O Prefeito Municipal de Itapetininga pede a
declaração de inconstitucionalidade da Lei Municipal nº 5.137, de 13 de abril
de 2007, que “dispõe sobre a abertura de
crédito adicional suplementar na dotação orçamentária da Câmara Municipal de
Itapetininga, no valor que especifica, e dá outras providências”. Segundo a
inicial, a Lei em questão afronta os artigos 5º, §§ 1º e 2º; 25 e seu parágrafo
único; 47, XVII; e174, §§ 2º e 6º e 176, I, da Constituição Estadual, porque subtrai
do Prefeito atribuições que lhe são privativas.
Presentes
os requisitos do fumus boni iuris
e do periculum in mora, a liminar foi
deferida (fls. 78/80).
Notificado, o Presidente da Câmara de
Vereadores de Itapetininga apresentou suas informações, dizendo tratar-se de
projeto de lei de iniciativa e aprovada por um grupo de vereadores aos quais
foi determinado o afastamento das funções, por ordem judicial (fls. 44/45). A
Procuradoria Geral do Estado não manifestou interesse no feito (fls. 92/94).
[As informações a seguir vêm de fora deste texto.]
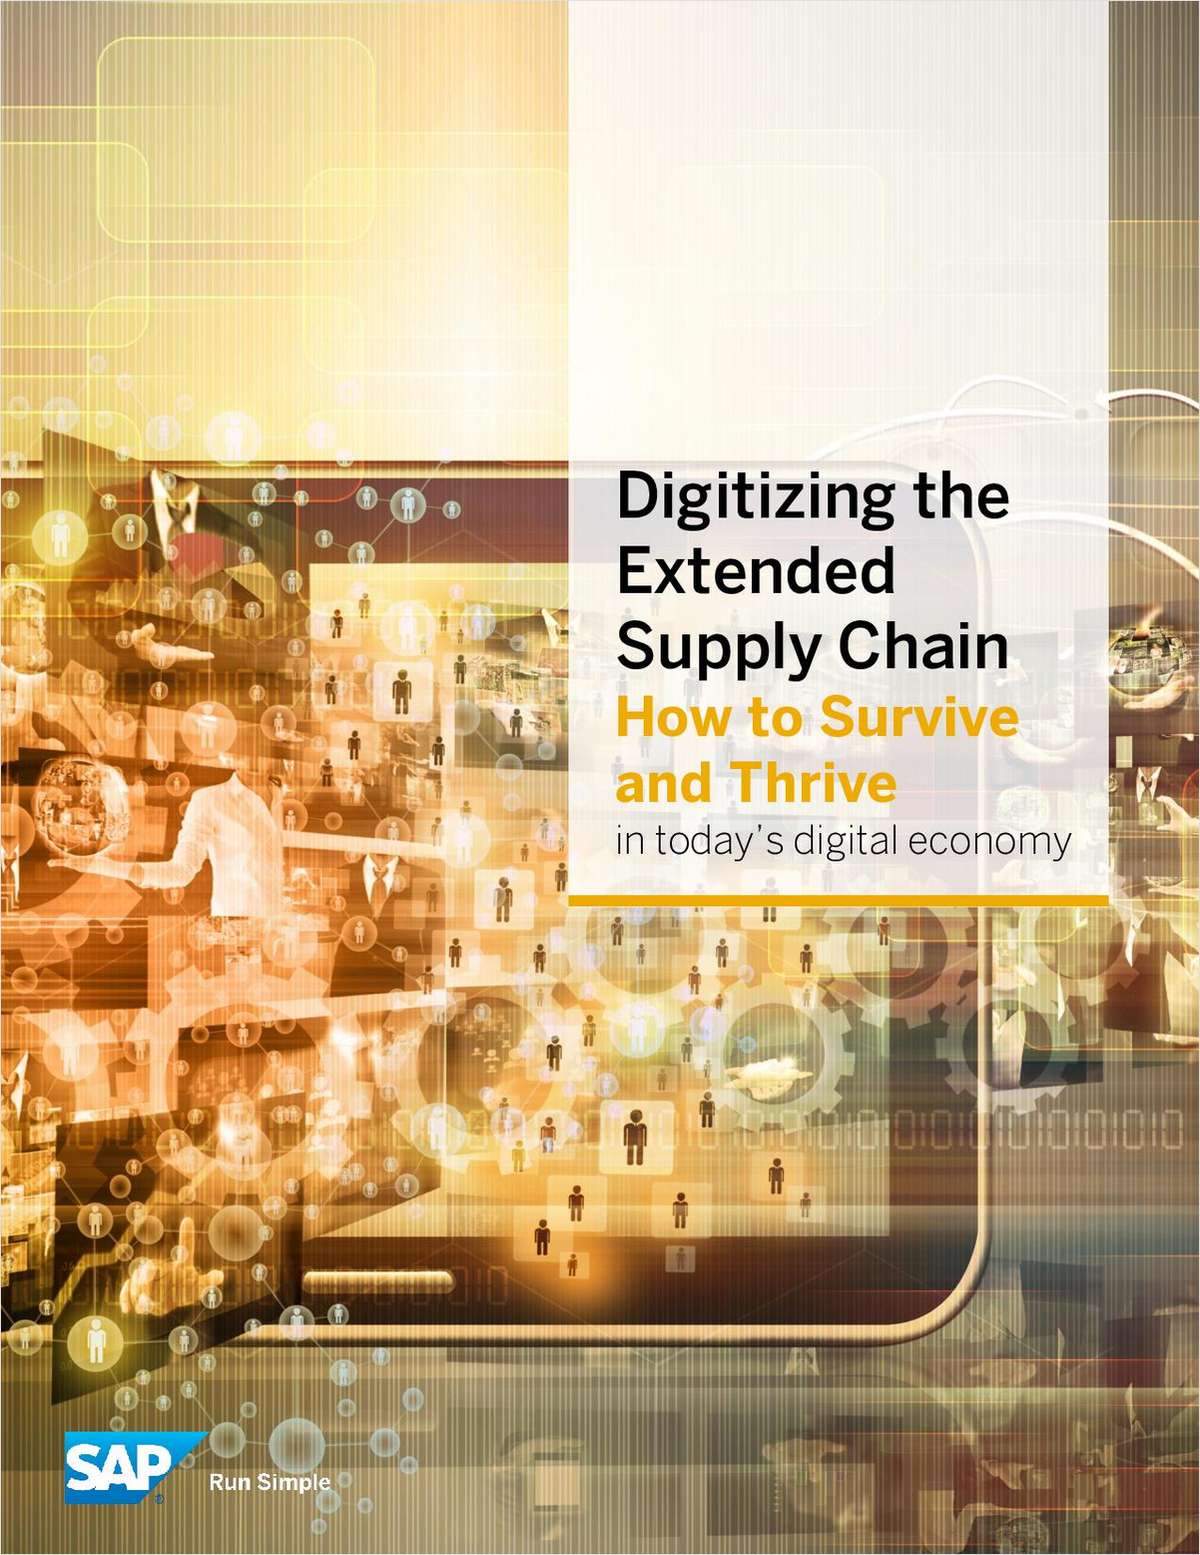 Digitizing the Extended Supply Chain: How to Survive and Thrive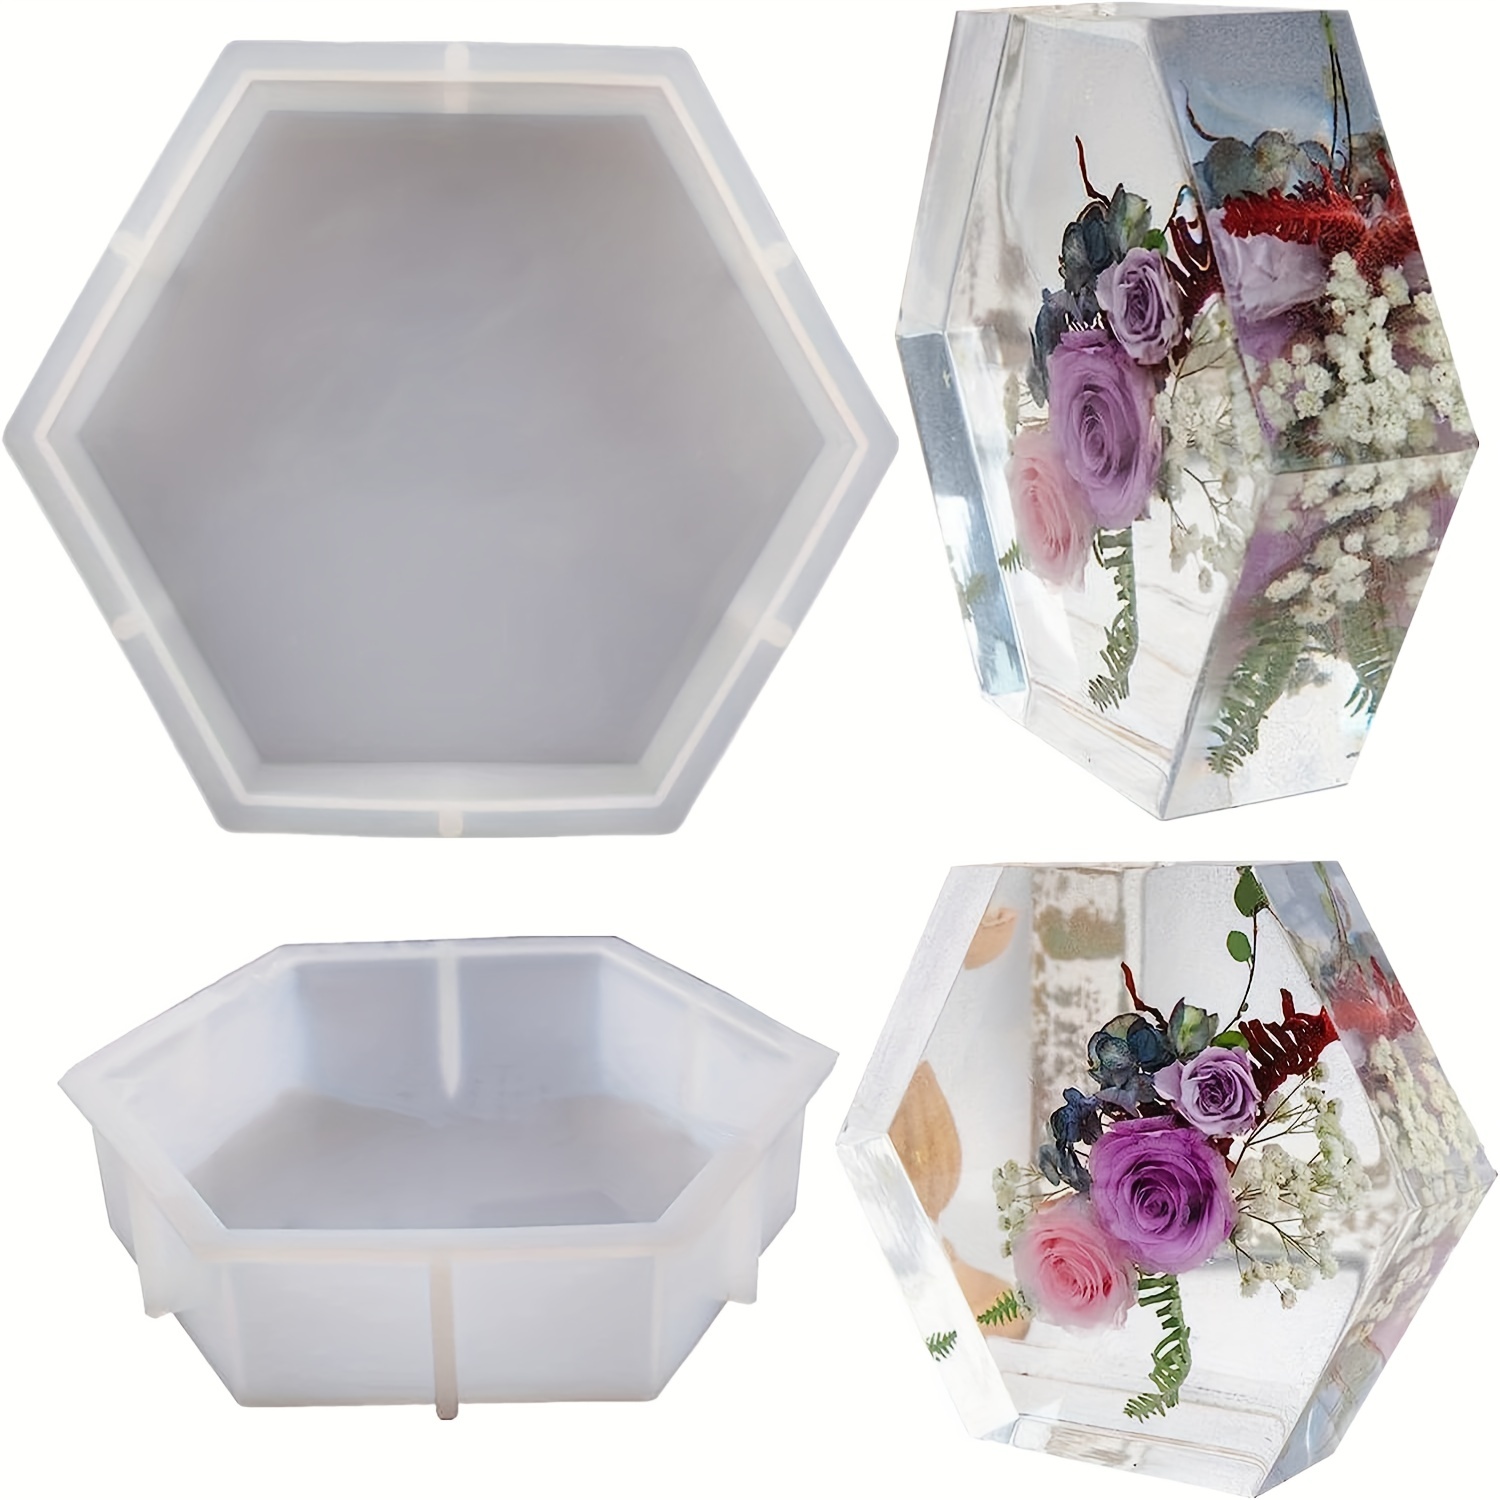 Large Resin Molds, Rectangle Silicone Molds For Resin Casting, Epoxy Resin  Molds For Flower Preserv

Em síntese, é o que consta dos autos.
Como se sabe, as funções de governo municipal
são divididas, incumbindo à Câmara as legislativas e ao prefeito as executivas.
Mas entre ambos não há qualquer subordinação administrativa ou política,
existindo, na verdade, entrosamento de funções e de atividades político-administrativas.
Nesta sinergia de funções é que reside a harmonia e independência dos Poderes,
princípio constitucional extensivo ao governo local (cf. Hely Lopes Meirelles, Direito
Municipal Brasileiro, São Paulo, Malheiros, 1996, pp. 427 e 508). Em sua função
normal e predominante sobre as demais, a Câmara elabora leis, isto é, normas
abstratas, gerais e obrigatórias de conduta. Esta é sua função específica, bem
diferente da do Executivo, que é a de praticar atos concretos de administração.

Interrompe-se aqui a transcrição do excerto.